Летом уже был издан указ о, так называемой, Булыгинской Думе. Был тогда министр внутренних дел Булыгин. Были даны послабления, но они были даны в несколько издевательском виде. У общества аппетиты все время наращивались, а власть не поспевала за ними. Общество требует что-то, власть не дает. А когда она это дает, у общества аппетиты возросли. То, что давала власть уже им кажется мало. Поэтому эта Булыгинская Дума, это было предложение собраться, обсудить. Оно вызвало только раздражение. Мосолов пишет, что были четыре альтернативы. Первое. Введение либеральной конституции. Второе. Создание совещательного органа. Третье. Диктатура по назначению. То есть, имеется в виду, что назначается некий человек, который облекается правами диктатора. Четвертое. Порядок умиротворения водворен лично государем диктаторскими приемами. То есть, диктатура падает на самого государя. Государь, как вы понимаете, ни на какого диктатора даже близко претендовать не мог. Ему было не до этого, он сидел в Петергофе, во время 9 января в Царском Селе.
”Сторонники конституционного образа правления не имели ни малейшего понятия о порядке выборов в представительные учреждения и создания работоспособного большинства”. Есть еще одна проблема. Все эти люди не понимали, как должна работать, например, Дума. У Герасимова есть потрясающий пассаж: ”Вопрос о том, как сложатся отношения при существовании представительного учреждения, меня очень интересовал. Я постарался достать книги, в которых описывается жизнь в конституционных странах, — но мне было не совсем ясно, как применена будет конституция к русским отношениям. Именно с этим вопросом я и обратился к Дурново, прося его мне разъяснить, с какими партиями правительство согласно будет работать и с какими партиями для правительства сотрудничество невозможно. Отчетливо помню, как поразил меня ответ Дурново: ”О каких партиях вы говорите? Мы вообще никаких партий в Думе не допустим. Каждый избранный должен будет голосовать по своей совести. К чему тут партии?” Мне стало ясно, что для новых условий Дурново еще меньше подготовлен, чем я”. Когда я это читаю, пребываю в прострации. Непонимание, а самое главное, нежелание понять. Мир меняется стремительно, технологический прогресс. За этим не просто нужно поспевать, это как современный интернет, а кто-то на счетах до сих пор считает. Это про царское правительство и требования времени того момента.
Д.Ю. У меня такое впечатление, что они просто ничего не делали. И так все хорошо.

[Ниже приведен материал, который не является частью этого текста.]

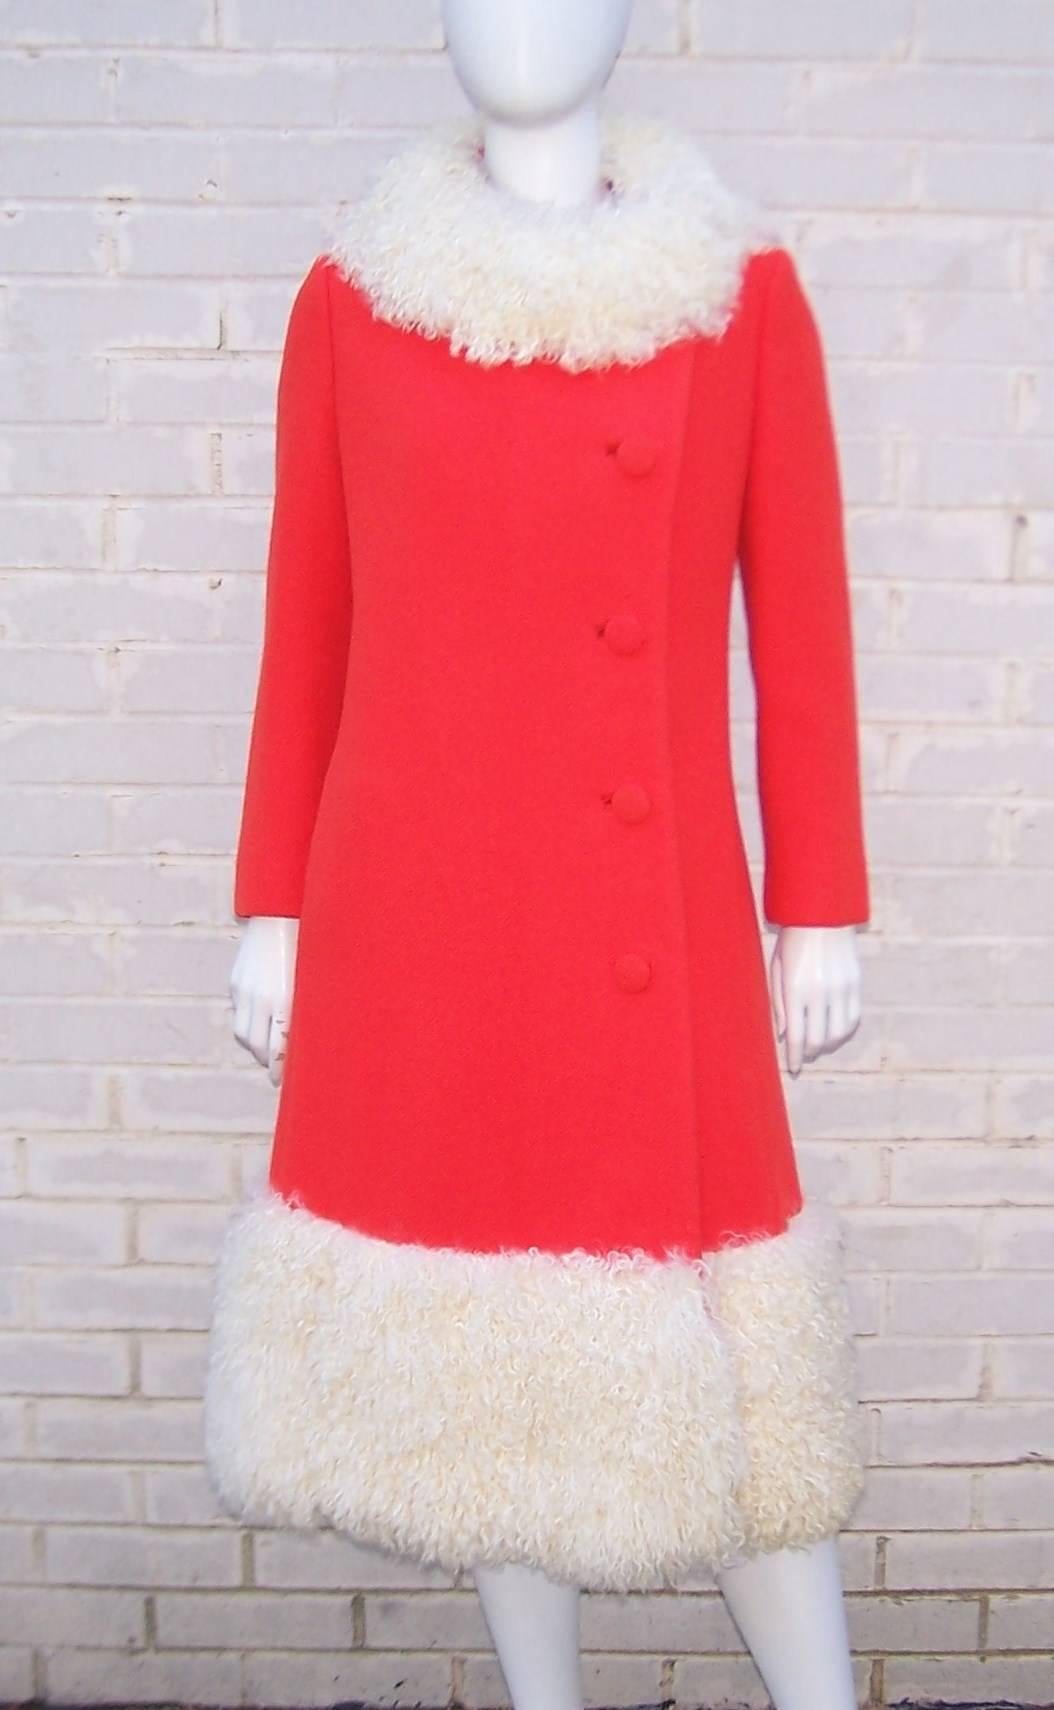 Wowza!  They'll see you coming and going in this eye popping Lilli Ann design.  From the artistic direction of Adolph Schuman for his company Lilli Ann, this neon red wool coat has all the style of the 1960's with functionality for a modern

Павел Перец. Они ничего не делали, ничего не понимали. Был еще серьезный кадровый дефицит. Еще раз хочу сказать, прежде чем рассказывать про дальнейшую волну терроризма. Я никоим образом не оправдываю террористов. Но это была такая среда, где для некоторых был предел. Как чайник вот кипятишь, в какой-то момент взрывается. Все не очень просто. Как яркое тому подтверждение: “Государь вызывал к себе лиц, к которым питал доверие, чтобы выслушать их мнение. Среди них были: граф Сольский, барон Будберг, А. С. Танеев, князь Владимир Орлов, граф Гейден, граф Пален, генерал-адъютант Рихтер и Победоносцев“. Я из всех этих людей более-менее знаю графа Палена и Победоносцева. Я понимаю, что профессиональный историк рассказал бы, кто был такой граф Сольский, барон Будберг. Не мудрено, что Витте возвышался над ними не потому, что он хороший или плохой, а потому, что он деятельный, он что-то делал и был у всех на слуху.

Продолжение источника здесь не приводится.